The find set the Larcombes on their feet and Jim, at 44, went into the hotel business in Kalgoorlie and then later in Boulder where he had the Golden Eagle Hotel. The young Larcombes from my junior football days were some of Jim’s relatives living in Leederville. Harry and Tom I would see at bowls through the years and Tom more so because we were members of the same club. It was just a few months before Tom died in 1987 that he had a yarn with me about the Golden Eagle find and the hotel business in Boulder. Tom finished with a story that dealt with more recent times and is worth repeating. The way Tom told the story it would have been after Young Jim died in 1975 (Dad had died in 1954) and his widow and the next Young Jim kept on with the later hotel, the Foundry.
A young man with a metal detector walked into the pub and asked for Mrs Larcombe or Young Jim who I will now just call Jim. When Jim was pointed out to him the young man went over and introduced himself as the grandson of someone related to the Larcombes. His grandma had told him to call in and see the Boulder family because they would know where gold could be looked for. Well, who knows where it is, for gold is right where you find it yourself and that applies to all the good things in life.

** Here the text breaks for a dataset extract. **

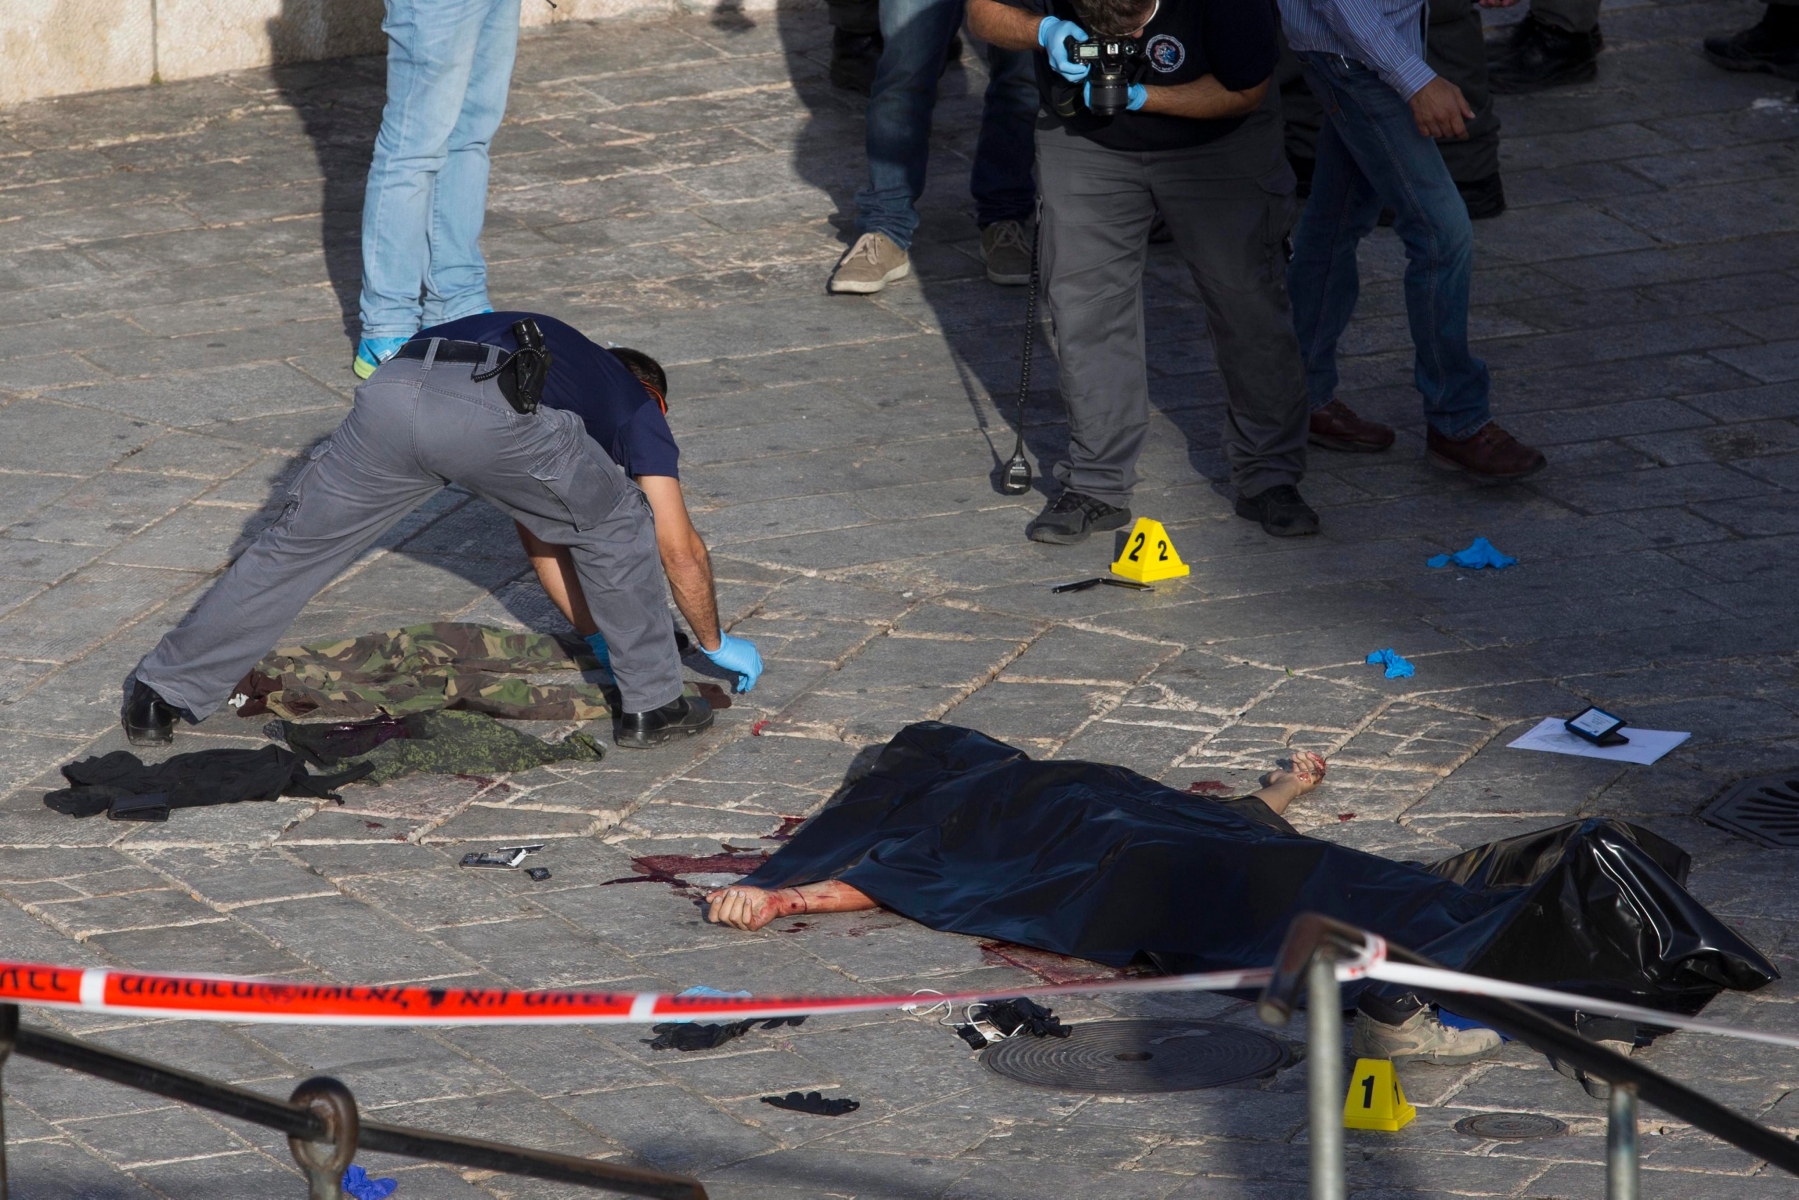 epa04977431 Israeli police work at the scene as emergency teams remove the body of a Palestinian man who was shot by the Israeli Police after he tried to stab them at the Damascus gate in the Old city of Jerusalem, Israel, 14 October 2015. According to media reports, hundreds of troops were being deployed in Israeli cities following a series of shooting and stabbing attacks by Palestinians.  EPA/ABIR SULTAN ATTENTION EDITORS: PICTURE CONTAINS GRAPHIC CONTENT ISRAEL PALESTINIAN CONFLICTS

Jim took the bit in the teeth and told the young man to do his detecting 15 to 20 kilometres along the Kambalda Road. Now that was about 11.30 and it was around 4.30 that the rookie prospector was back and asked For Jim again. Out Jim came and the young fellow said, “What do you think about this?” and showed Jim a lump of stone about the size of a rockmelon. Jim looked at it and said, “Where are you staying?” “I’m camping out”. “Well, there are no banks open now. If I was you I’d put that in my safe for the night”. It was not a stone but the real thing, which goes to show that people and champions make their own luck.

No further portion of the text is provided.